Given two 1-forms $\phi, \psi \in \bigwedge^1 \mathbb{R}^4$ and the 2-form defined by $\phi \wedge \psi \in \bigwedge^2 \mathbb{R}^4$, then why $(\phi \wedge \psi) \wedge (\phi \wedge \psi) = 0$?
What I've tried is to find for each summand a summand which eliminates with the first one, but it doesn't really work. If I have some vectors $v_1, v_2, v_3, v_4 \in \mathbb{R}^4$ and a permutation $\sigma$ and look at the summand $sgn(\sigma)(\phi \wedge \psi)(v_{\sigma(1)},v_{\sigma(2)})(\phi \wedge \psi)(v_{\sigma(3)},v_{\sigma(4)})$, then if I exchange 1 and 2 (which is a permutation with sign -1), due to the 2-form being alternating I get the same summand (with the same sign so they don't eliminate each other).
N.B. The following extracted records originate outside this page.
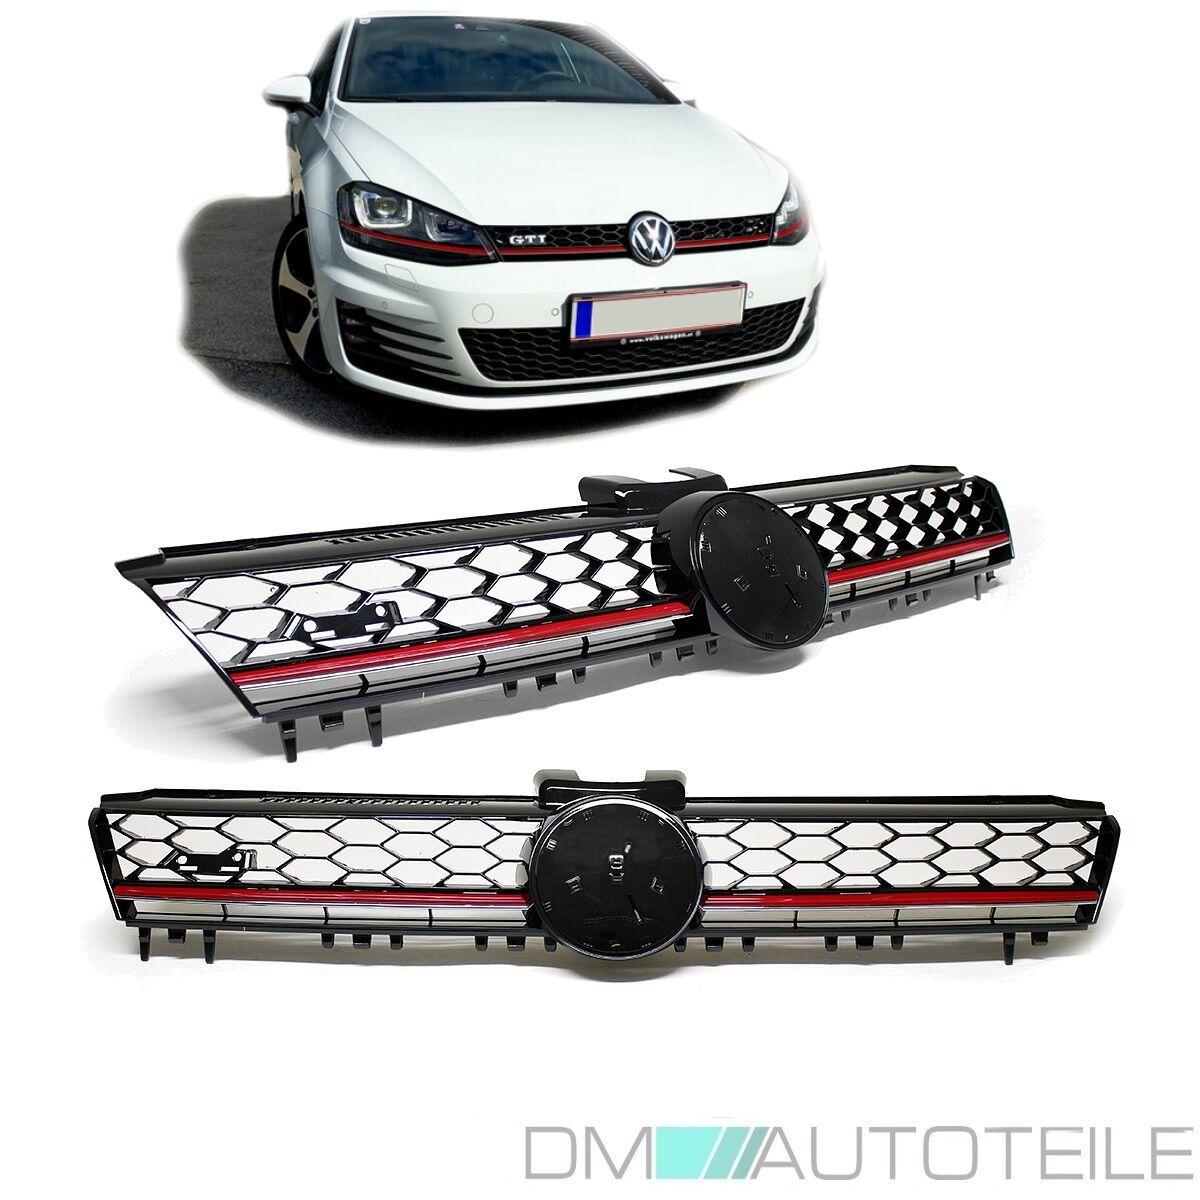 VW Golf 7 GTI Kühlergrill Front Grill Schwarz Glanz Rote Leiste für Emblem 12-16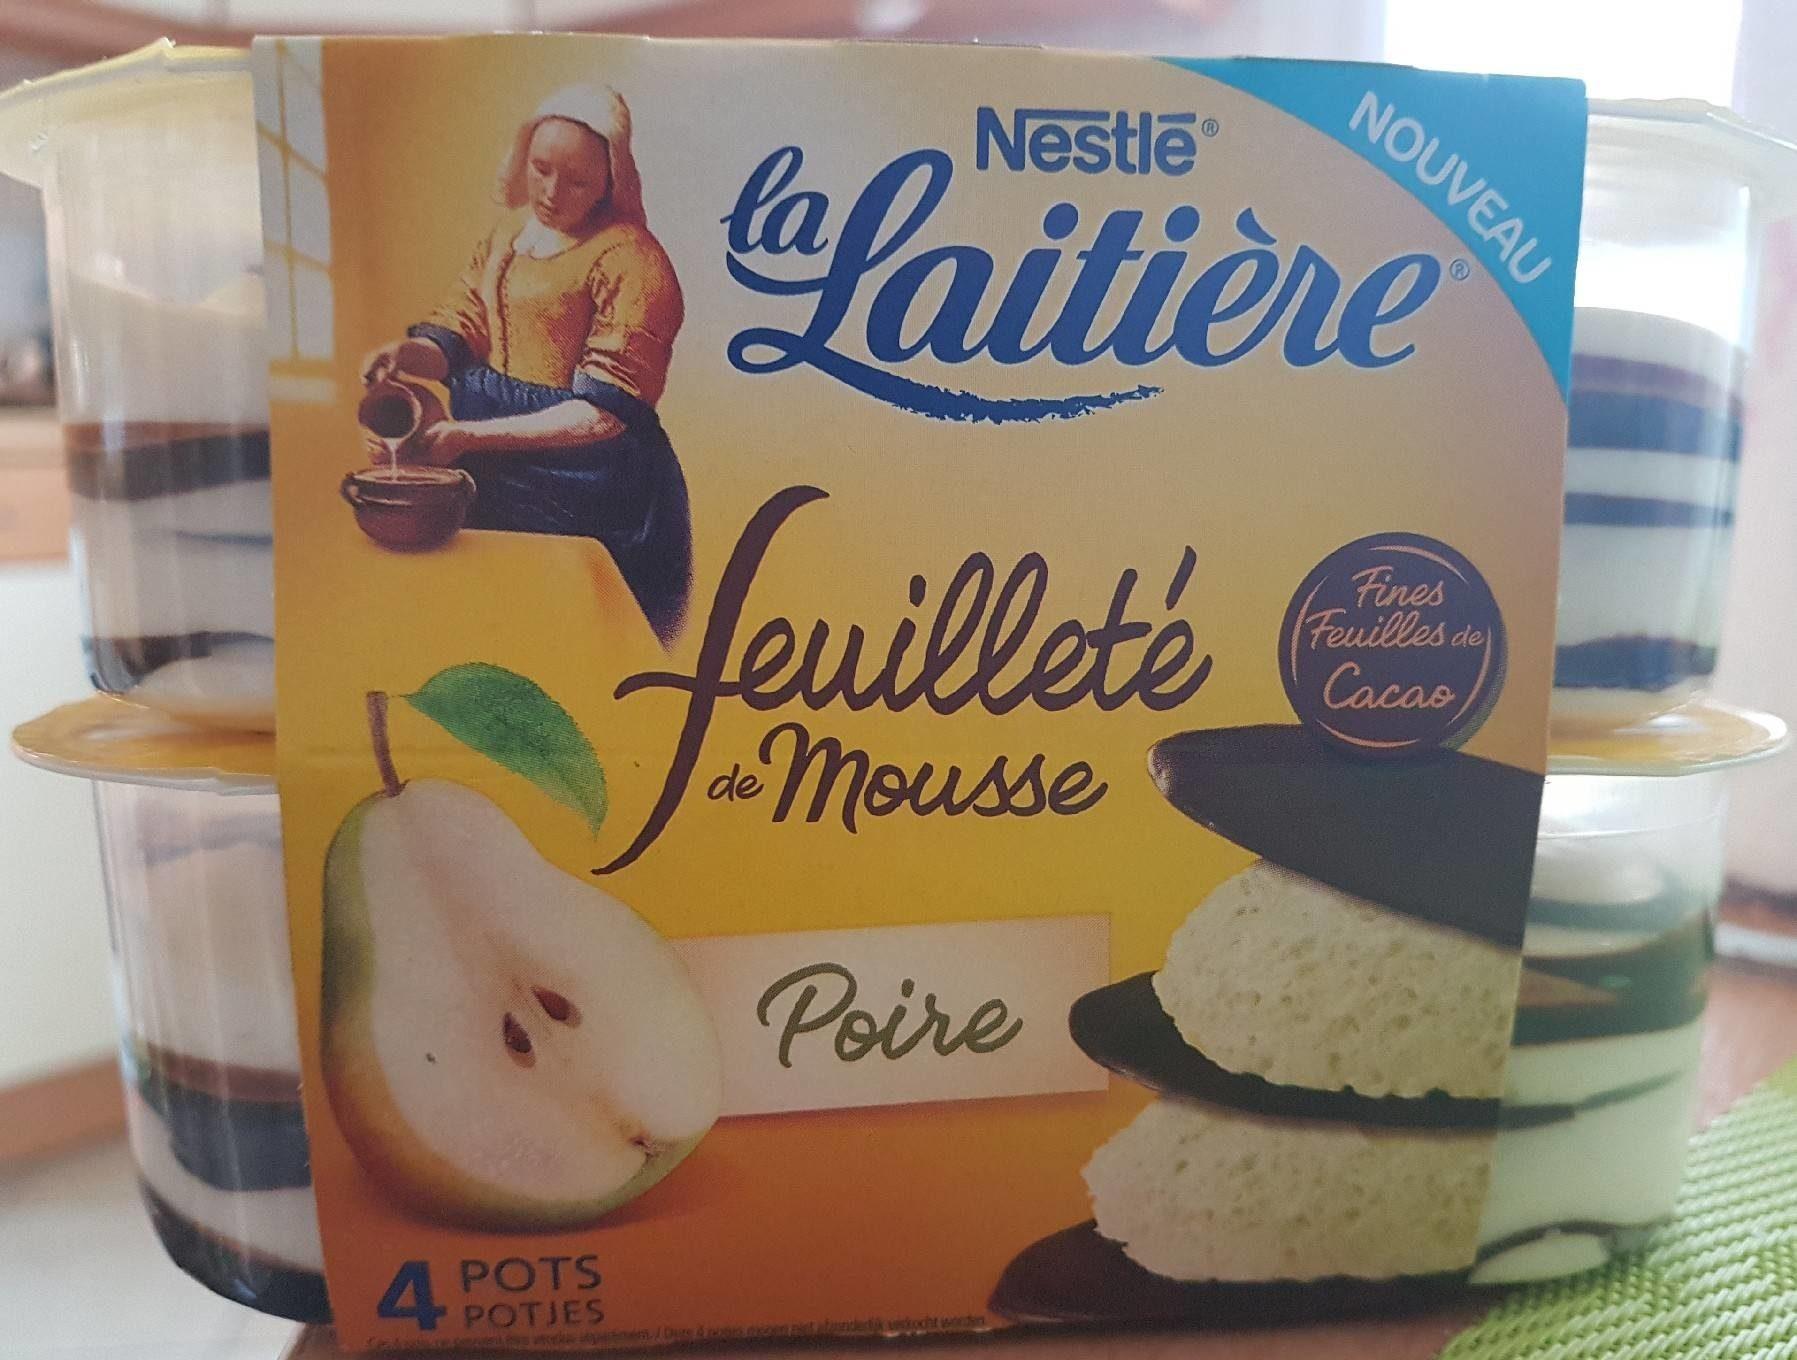 Feuilleté de Mousse Poire - Product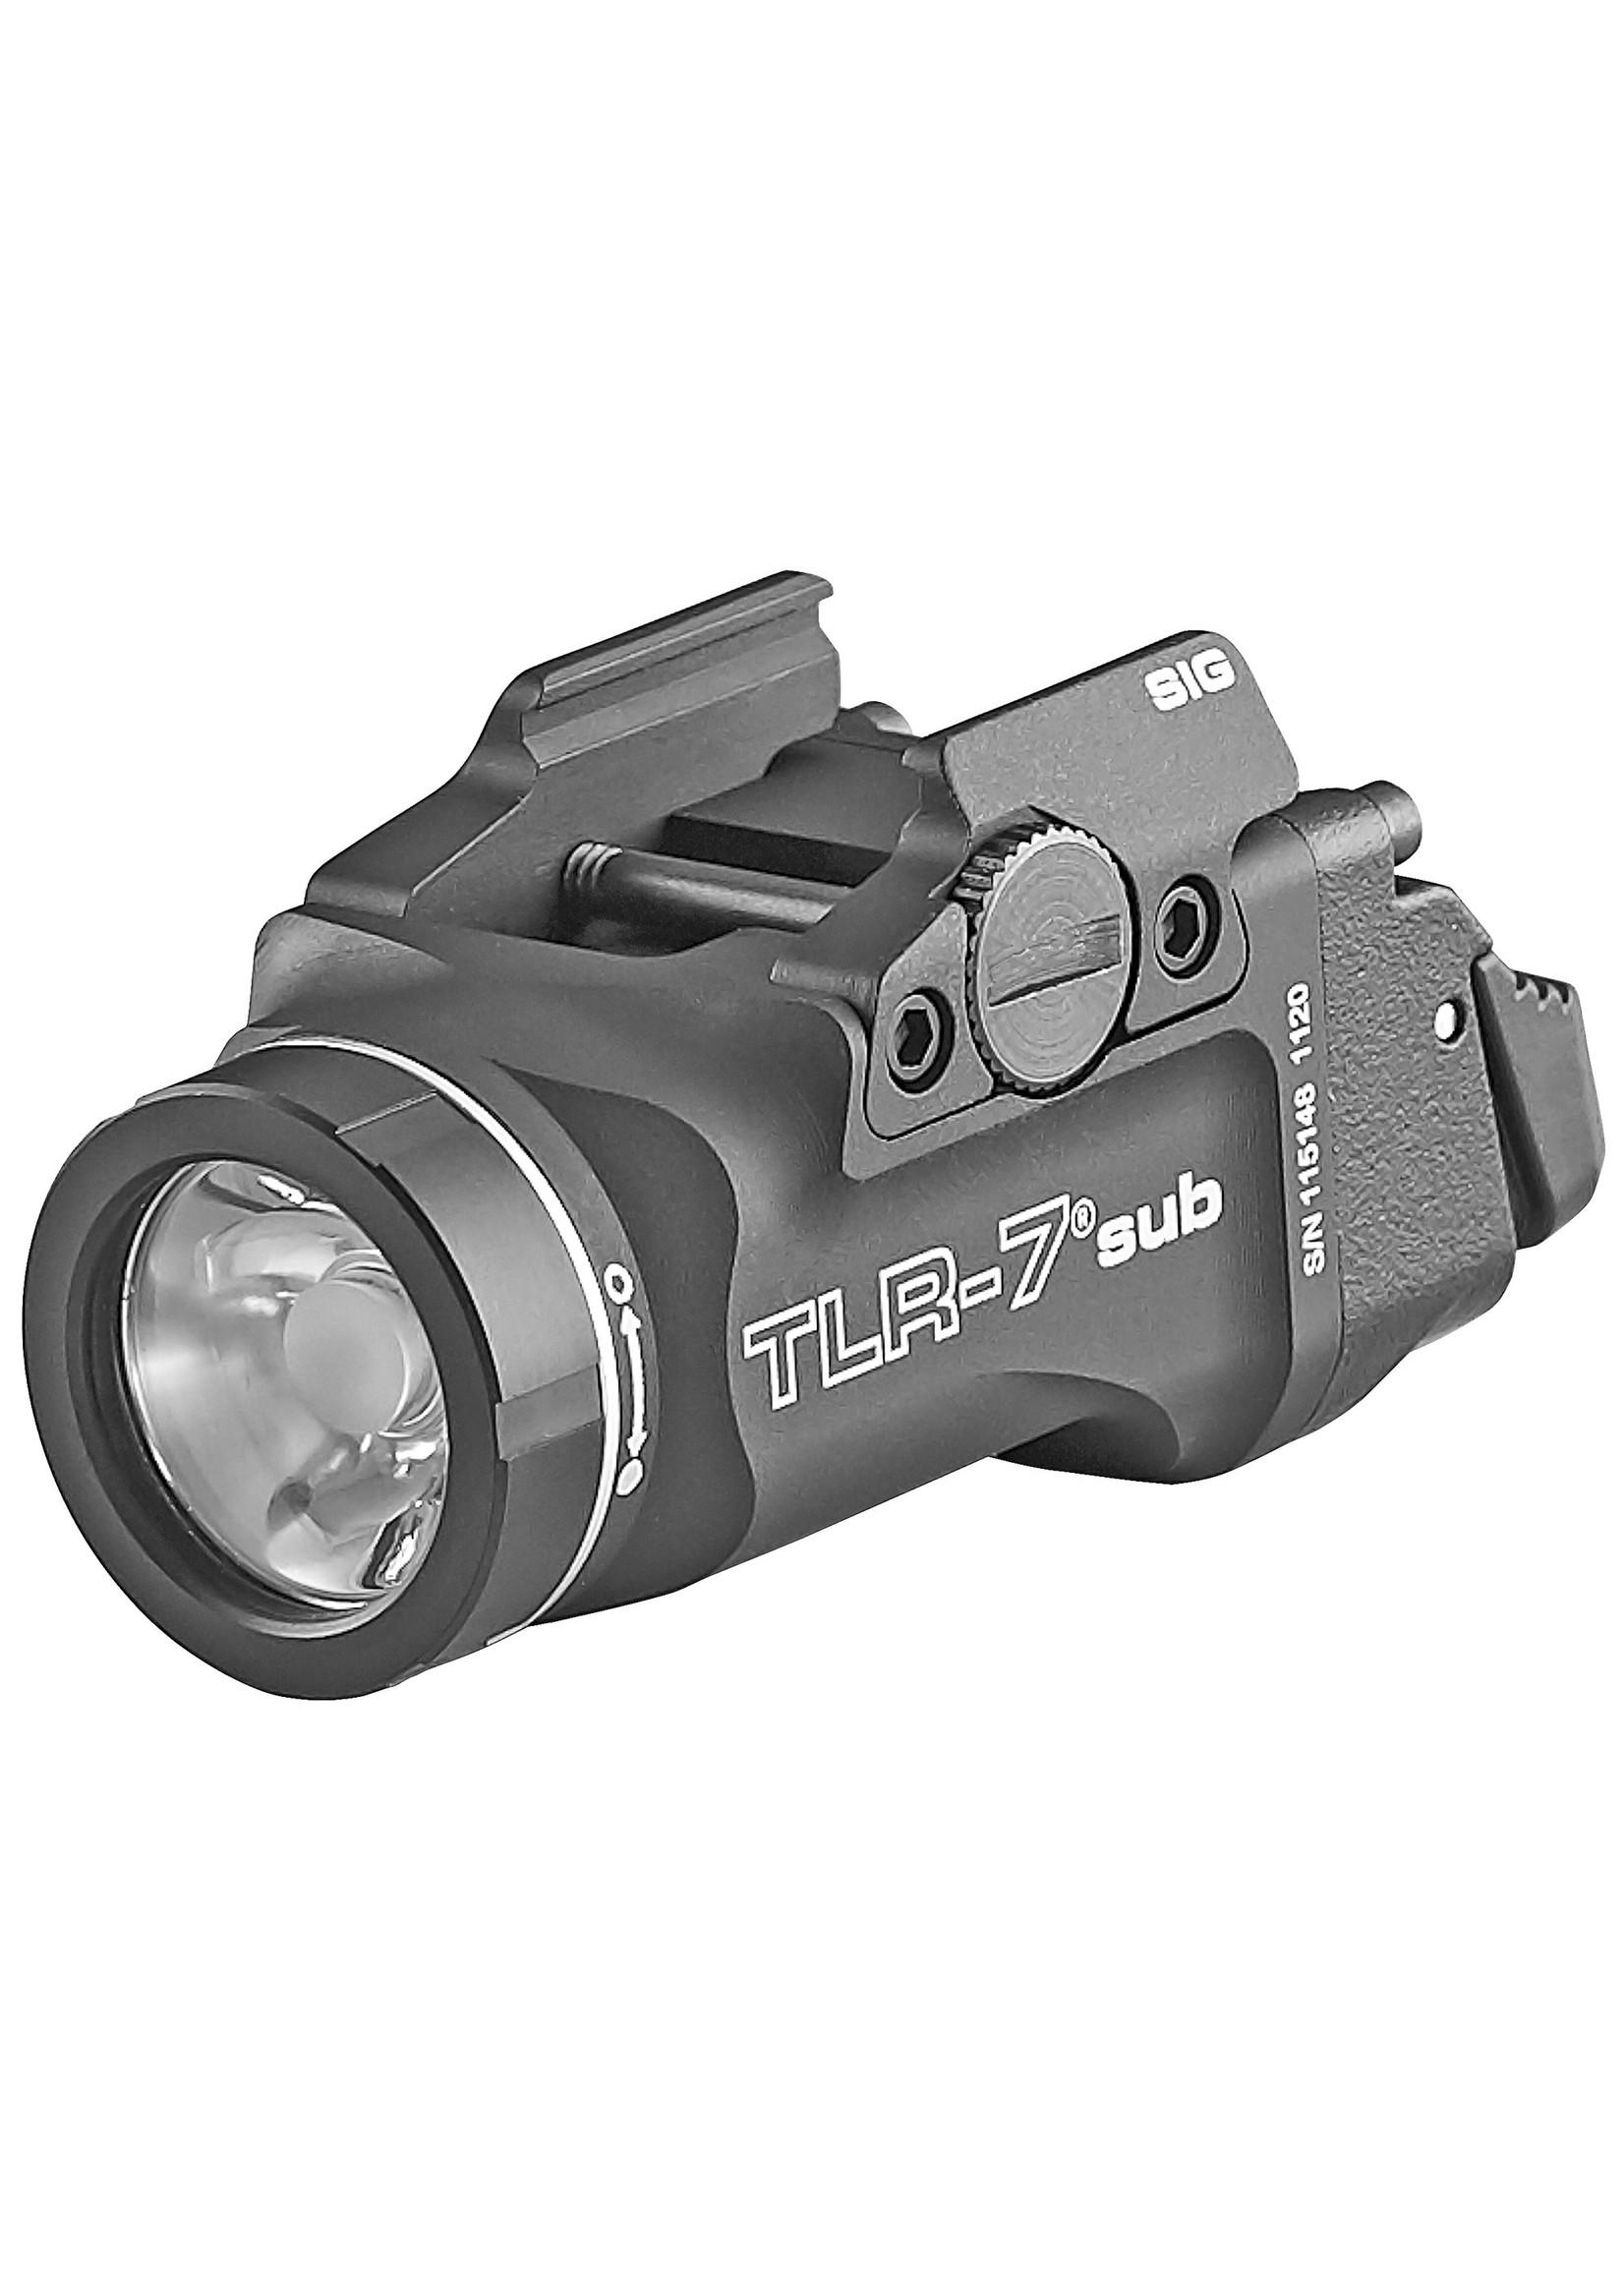 STREAMLIGHT Streamlight TLR-7 Sub Weaponlight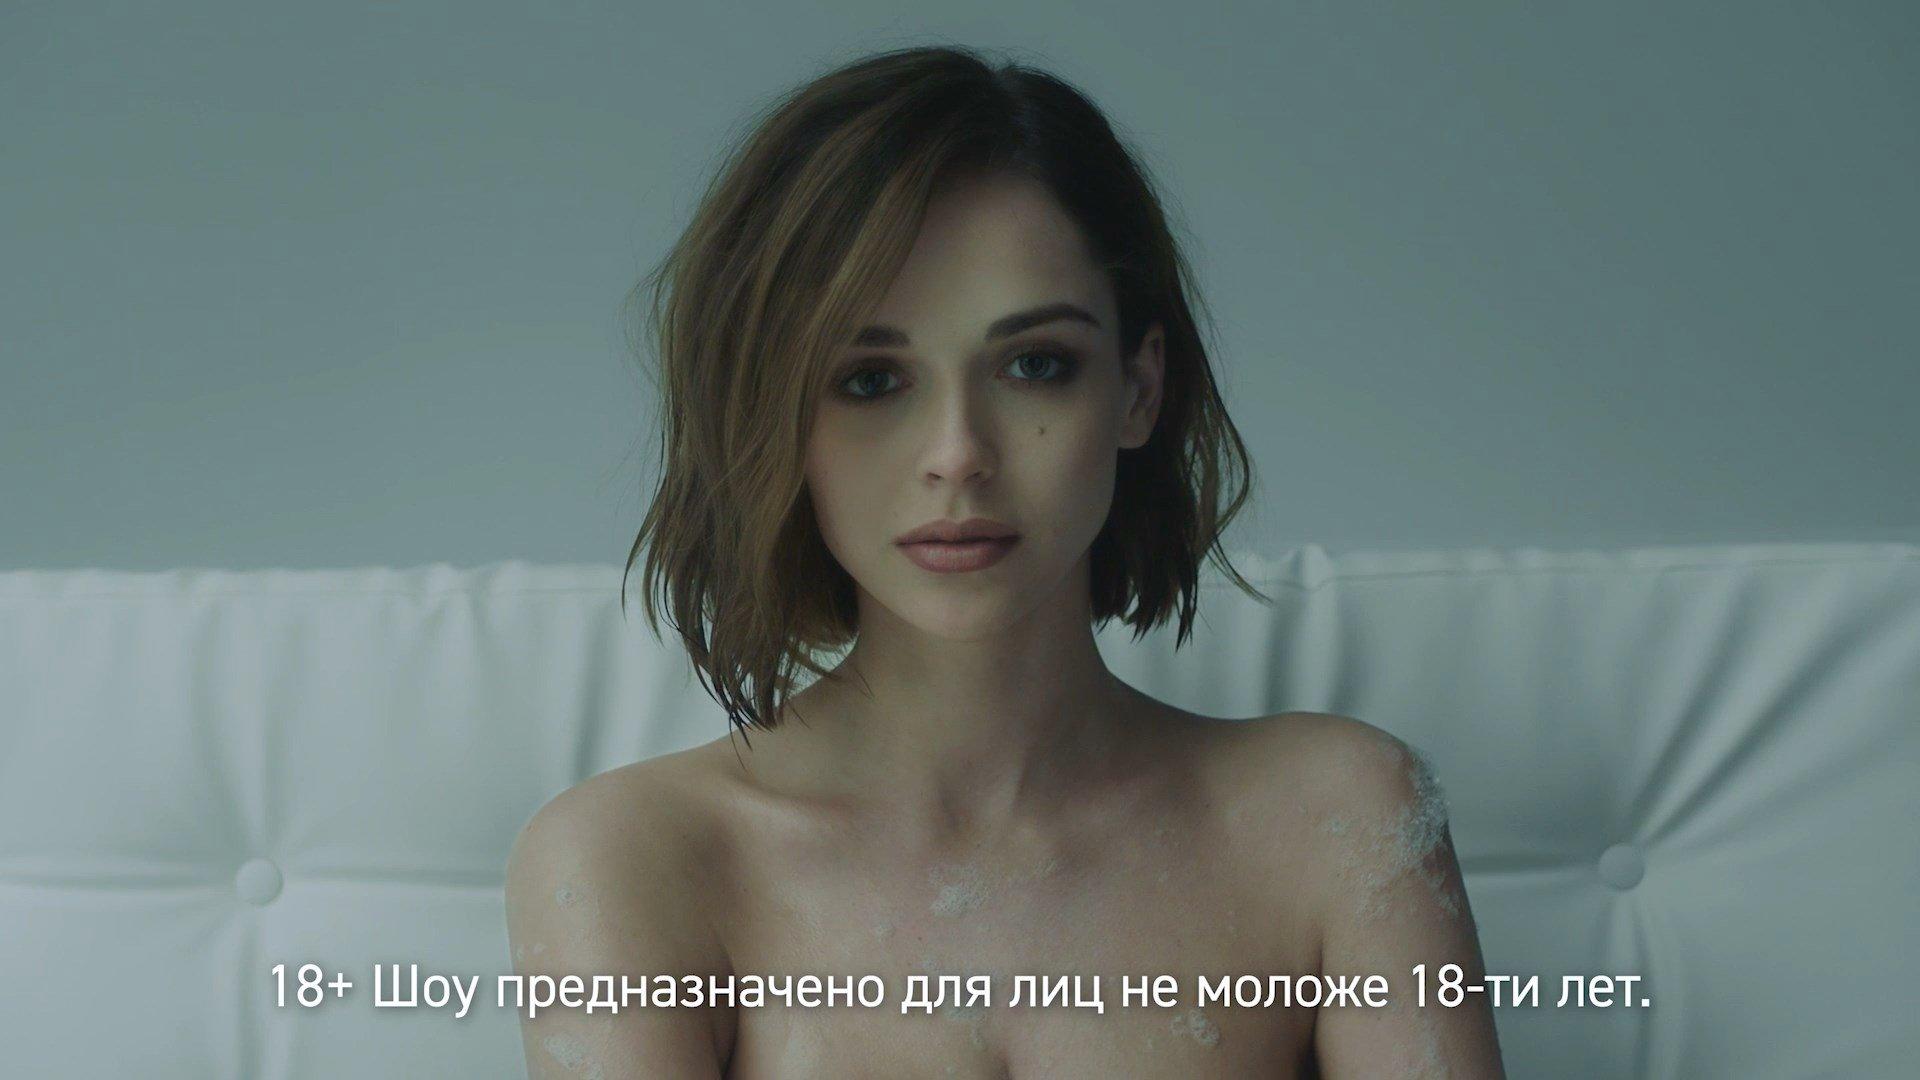 Cleavage Porno Sofia Sinitsyna naked photo 2017

Also the fact that $\omega \wedge \omega = 0$ for any k-Form $\omega$ with k odd doesn't help here since we're considering a 2-form. I also know that $\omega \wedge \omega = 0$ doesn't hold for every 2-form $\omega$, so the reason should be the basic form of $\phi \wedge \psi$ but that's about it.
Best Answer
The wedge product is antisymmetric (and thus alternating) on one-forms and associative. Hence
$$(\phi \wedge \psi) \wedge (\phi \wedge \psi) = -(\phi \wedge \psi) \wedge (\psi \wedge \phi) = -\phi \wedge (\psi \wedge \psi) \wedge \phi = -\phi \wedge 0 \wedge \phi = 0$$